The applicant appealed to the Court of Appeal (gerechtshof) of The Hague.

A hearing was held on 13 September 2000, at which the applicant stated that he had drunk a bottle of port wine and taken cocaine on 24 October 1999. The applicant’s counsel again argued that the applicant’s sentence should be reduced in view of the unlawfulness of the order placing him in police custody.

The Court of Appeal gave judgment on 27 September confirming the applicant’s conviction. Echoing the reasoning of the Regional Court, it rejected the plea for a reduction of sentence in the following terms:

“The suspect’s counsel has stated at the appeal hearing that the order for the applicant to be taken into police custody was given too late, i.e. after the end of the time-limit prescribed by law. Counsel has invoked Article 359a § 1 a of the Code of Criminal Procedure and argued that in the event of a conviction this procedural violation should lead to a reduction of sentence. On this point, the Court of Appeal holds, considering also the seriousness of the crime committed by the suspect, that the procedural violation mentioned is not of such a nature that it should lead to a reduction of sentence. In so holding the Court of Appeal has had regard to the fact that it is not apparent that the said violation caused the suspect any substantial prejudice.”

Noting that the applicant had evaded treatment of his addiction in an institution, it imposed an unconditional sentence of sixteen months’ imprisonment and ordered the execution of an earlier suspended 256-day prison sentence not relevant to the present case.

The applicant lodged an appeal on points of law (cassatie) to the Supreme Court (Hoge Raad), which gave judgment dismissing the appeal on 5 February 2002.

B.  Relevant domestic law

1. Criminal procedure

The following provisions of the Code of Criminal Procedure (Wetboek van Strafvordering), as in force at the time, are relevant to the case before the Court:

Article 57

“1. The public prosecutor or the assistant public prosecutor before whom the suspect is brought, or who has himself arrested the suspect, may, after having questioned him, order in the interests of the investigation that he shall remain at the disposal of the authorities responsible for the administration of justice (de justitie) and shall be placed in police custody for that purpose in a place indicated in the order. ...”

Article 58

“1. A police custody order shall only be given in the case of a punishable act (strafbaar feit) for which detention on remand is permitted.

2. The police custody order shall be valid for no more than three days. In cases of urgent necessity the order can be prolonged once for a further period of no more than three days.

3. As soon as the interests of the investigation so allow, the assistant public prosecutor shall order the suspect released. Otherwise, he shall propose to the public prosecutor that police custody be prolonged. The public prosecutor may order the suspect to be brought before him to be heard.”

Article 59a

“1. The suspect shall be brought before the investigating judge for interrogation no later than three days and fifteen hours from the moment of his arrest.

...

4. At the time of his interrogation [by the investigating judge], the accused may request the investigating judge to release him [from police custody].

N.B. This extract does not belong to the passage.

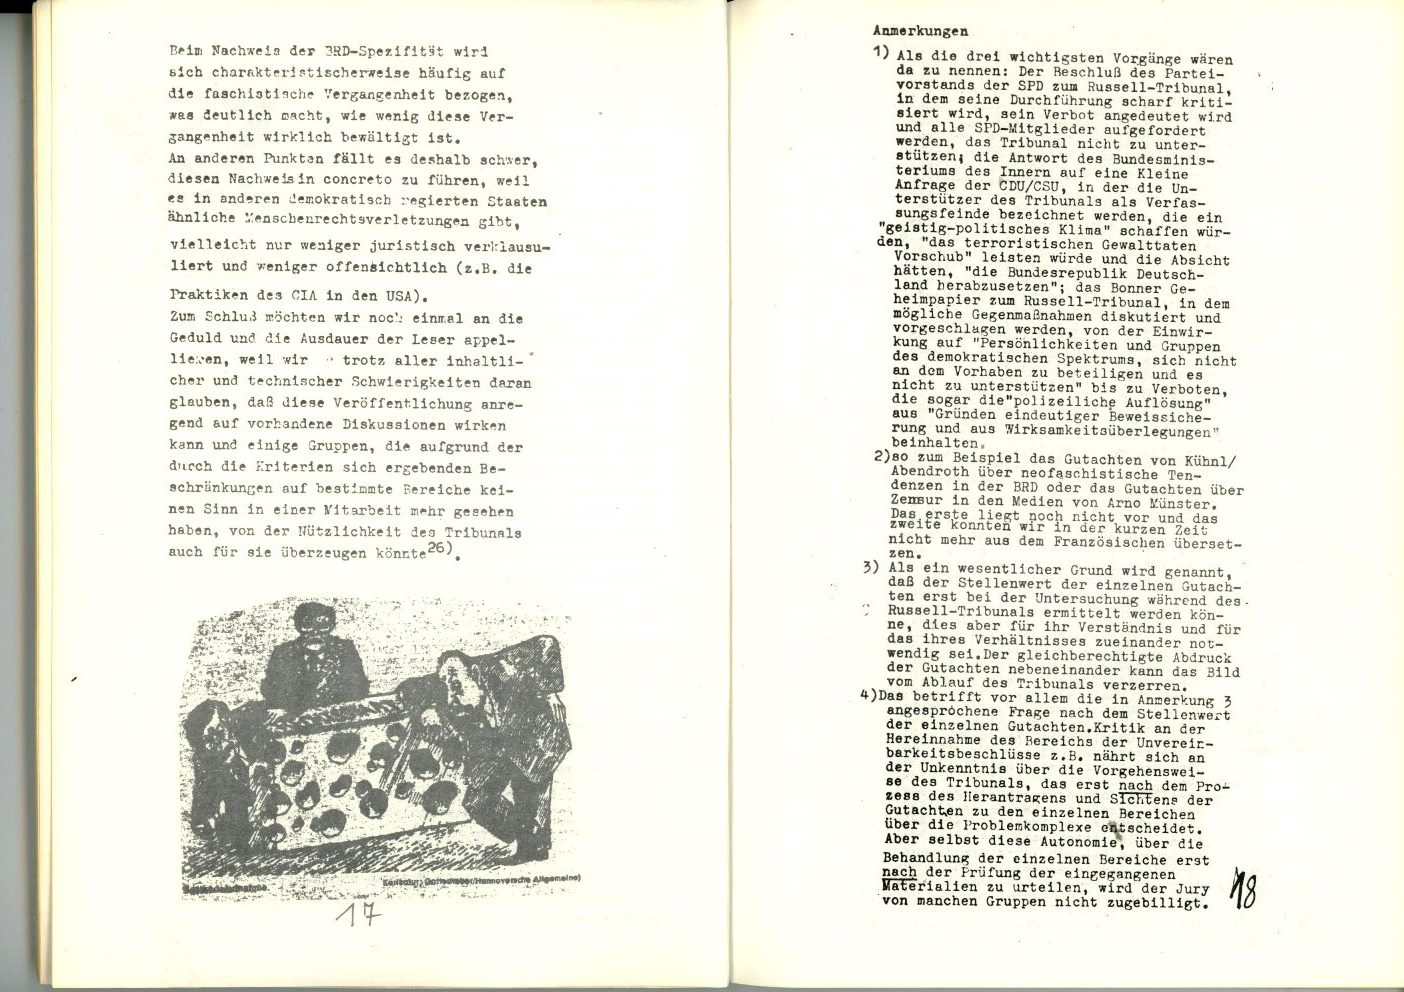 Marburg_Russell_Initiative_1978_10

5. If the investigating judge considers the police custody unlawful (onrechtmatig), he shall order the accused’s immediate release. Otherwise, the investigating judge shall make a note of his decision in the official record of the interrogation or, if the suspect has made a request for his release, the investigating judge shall reject it. ...”

Article 61

“1. If the suspect is not taken into police custody ... nor ... brought before the investigating judge, he shall be released promptly (dadelijk) after questioning.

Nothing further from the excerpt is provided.